Catoferia is a small genus of plants in the family Lamiaceae composed of only four different species. First described in full by George Bentham in 1876, said species are native to southern Mexico, Central America, Colombia and Peru. Amongst all four species, only Catoferia chiapensis are known to grow across a wide area, their growth recorded in southern Mexico, Guatemala, Peru and Belize. Growth of the other three variants is believed to be limited to Southern Mexico.
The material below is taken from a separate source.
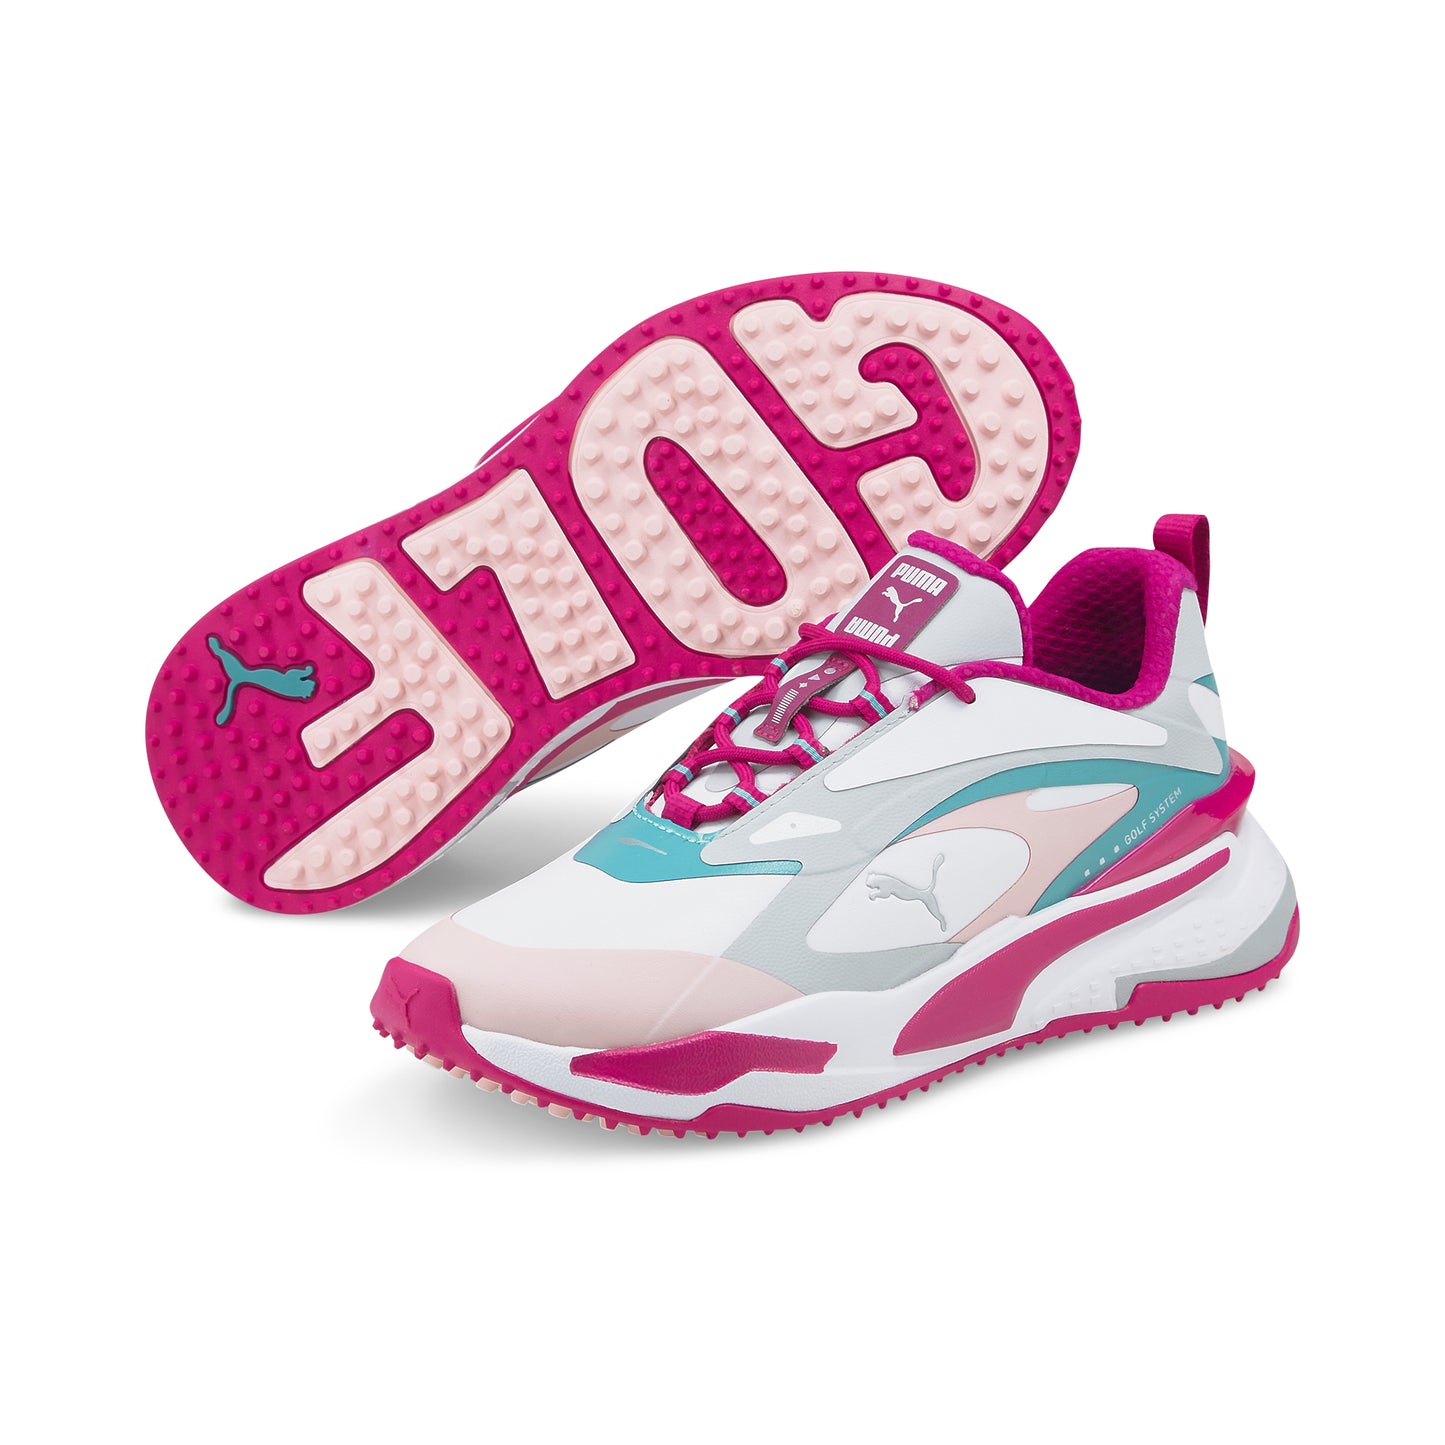 Shoes Spikeless GS-FAST PUMA Women\'s Golf Golf –

The beginning of the genus Catoeria is thought trace back to the Cretaceous era, making it around 55 to 65 million years old.

 Catoferia capitata (Benth.) Hemsl. - Veracruz, Oaxaca, Chiapas, Belize, Guatemala, Peru
 Catoferia chiapensis A.Gray ex Benth. - Chiapas, Guatemala, El Salvador, Honduras
 Catoferia martinezii Ramamoorthy - Guerrero
 Catoferia spicata (Benth.) Benth. - Colombia, Peru

Main characteristics
The shrub can usually be identified by its flower's exaggerated, protruding stamens and very large, circular sepals (the outer layer surrounding the petal). Petals belonging to plants of this genome typically curve inwards, the species are very similar to the genus Orthosiphon. Shrubs in this group are  usually 0.5 and 2 meters tall, with a stem thickness of approximately 3mm. They may also carry spikes ranging from 1.5 to 5.5 centimeters.